Department of Human Evolution
Max Planck Institute for Evolutionary Anthropology
Deutscher Platz 6
phone: +49 (341) 3550 - 350
fax: +49 (0341) 3550 - 399
We use the methods of virtual paleoanthropology to study how differences in growth and development before and after birth contribute to the large shape differences observed between adult Neandertals and modern humans.
Dental material represents a large portion of the hominin fossil record. Using microCT scans of fossil teeth and jaws allows us to test different hypotheses related to the evolution of hominin dental morphology, masticatory biomechanics and tooth decay.
Our isotope studies on Neandertal diet, as well as studies of the vegetal particles preserved in dental calculus reveal that Neandertals had a varied diet largely depending on local climate and landscape throughout their vast geographical and chronological range.
Lately there has been great renewed interest in the question of when hominins first controlled and produced fire. We are working on this topic from a number of perspectives. First, to better understand what temperatures are needed to leave an impact on proxies for fire such as stone tools, bones and sediments, we built a heating apparatus to do a set of controlled experiments heating various sediment types to different temperatures of varying durations. The results (see Aldeias et al., 2016a; Aldeias, in press) show that average fires produce subsurface temperatures high enough to cause thermal alteration of objects up to 10 cm below the surface (with maximum temperatures at this depth ranging from 85°C up to ~250°C). This apparatus is available for additional experiments.
Second, we have also started to investigate the effects of cooking, namely concerning the exploitation of marine resources. We have conducted a series of experiments on shellfish roasting fires (Aldeias et al., 2016b). In this work, we use FTIR to trace the transformation of aragonitic shells to calcite and we show that this transformation can start at fairly low temperatures (around 250 °C). This research highlights potential issues of using altered shells for radiocarbon and isotope analysis. Additional papers, focusing on using microFTIR to map the location of the aragonite>calcite transformation within a shell and application of this new methodology in archaeological sediments, are in preparation.
Third, in our excavations we continue to document the relative presence of fire related activities through, where possible, the documentation of fire features (including the application of micromorphology and microFTIR) and also through the quantification of fire proxies such as heated stone and heated bones. We are quite interested in expanding this data set to have a better understanding of when hominins were making use of fire in part to better understand the origins of the controlled use and production of fire.
We are interested in reconstructing Neandertal (and more generally hominin) adaptations through direct studies of their stone and bone tools. In addition to studying the materials that derive from our excavations and some key collections, we also emphasize here an experimental approach to better understand some factors that contribute to stone and bone tool variability.

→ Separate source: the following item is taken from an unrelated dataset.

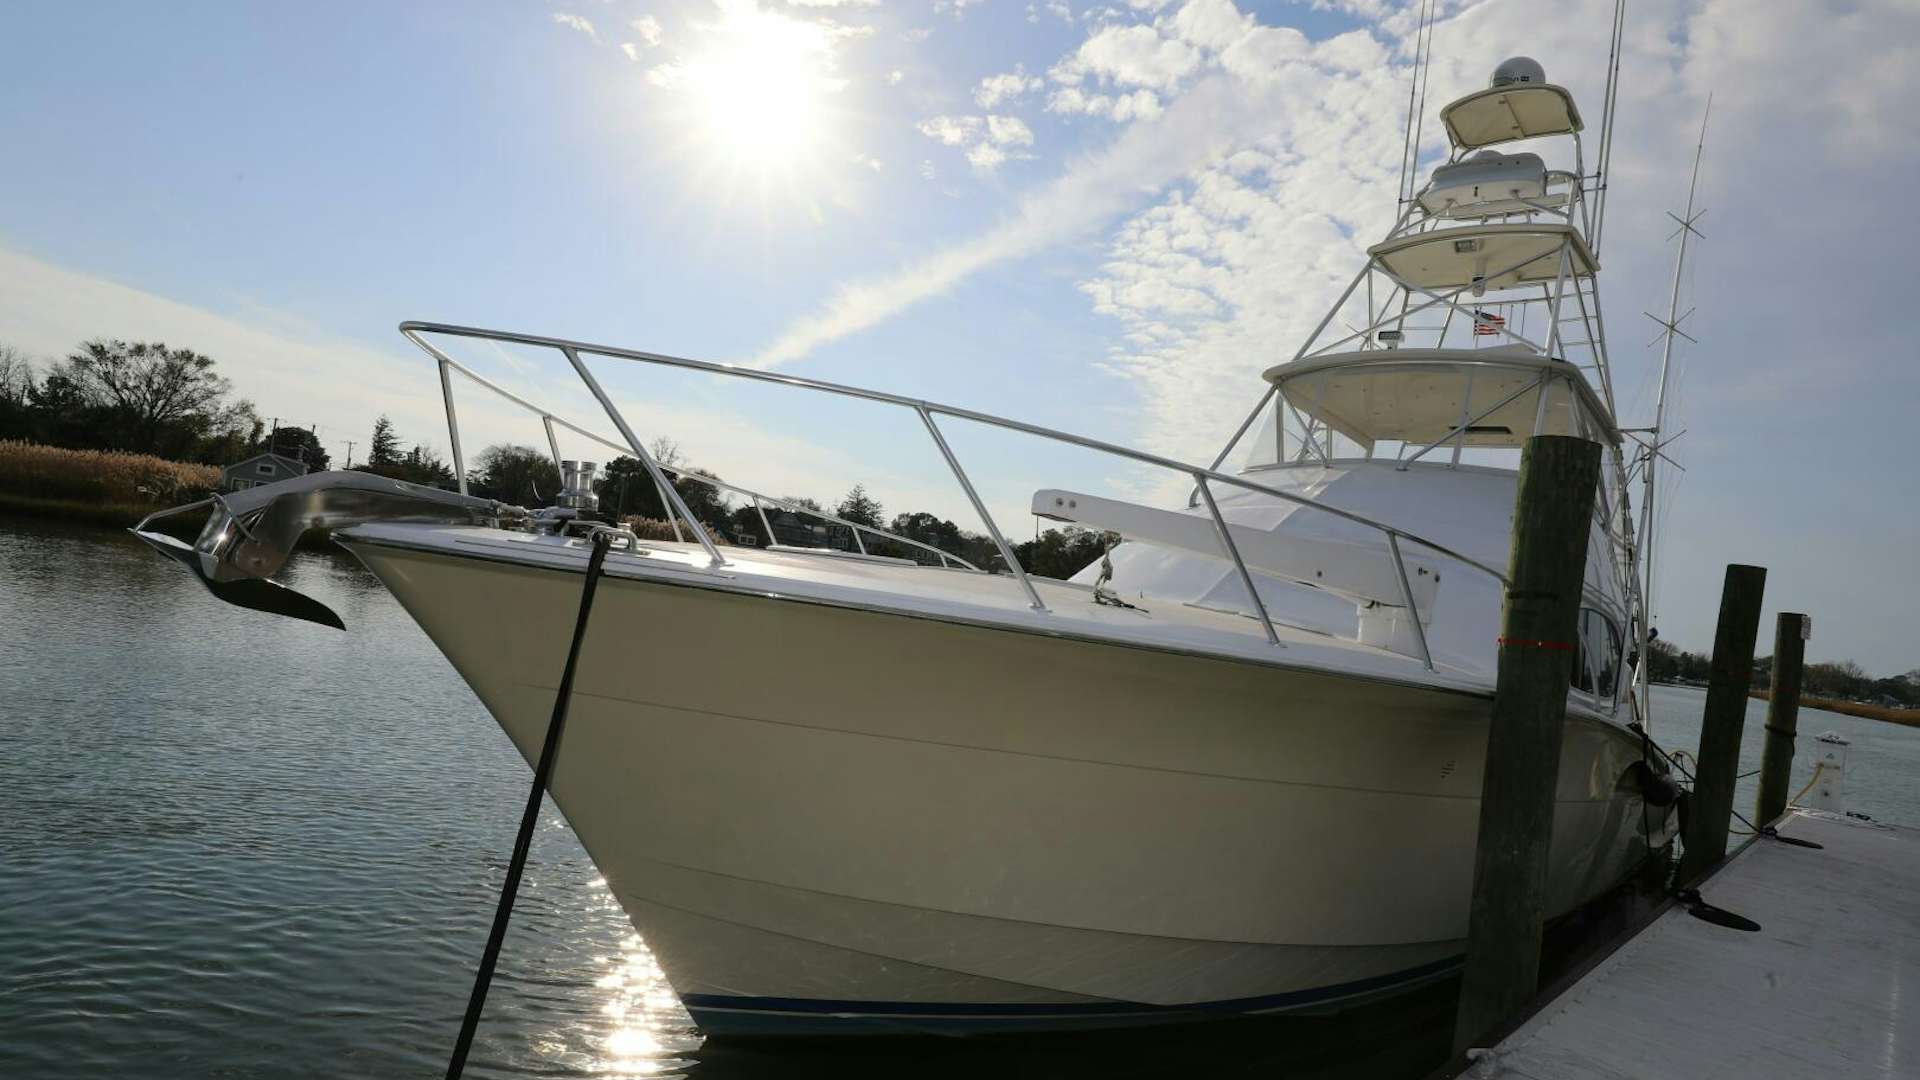 See legs
Yacht for Sale

Our approach to stone tool studies is mainly quantitative with an emphasis on what is typically called attribute analysis. More recently we have started to work with three dimensional data and the application of geometric morphometrics to these data. We are interested in how these methods might help us better document and understand the structure of variability in certain key artifact types in the archaeological record, but we are also interested in how these methods might be more widely applicable to stone tool studies. We have a number of scanners in the department for collecting these data.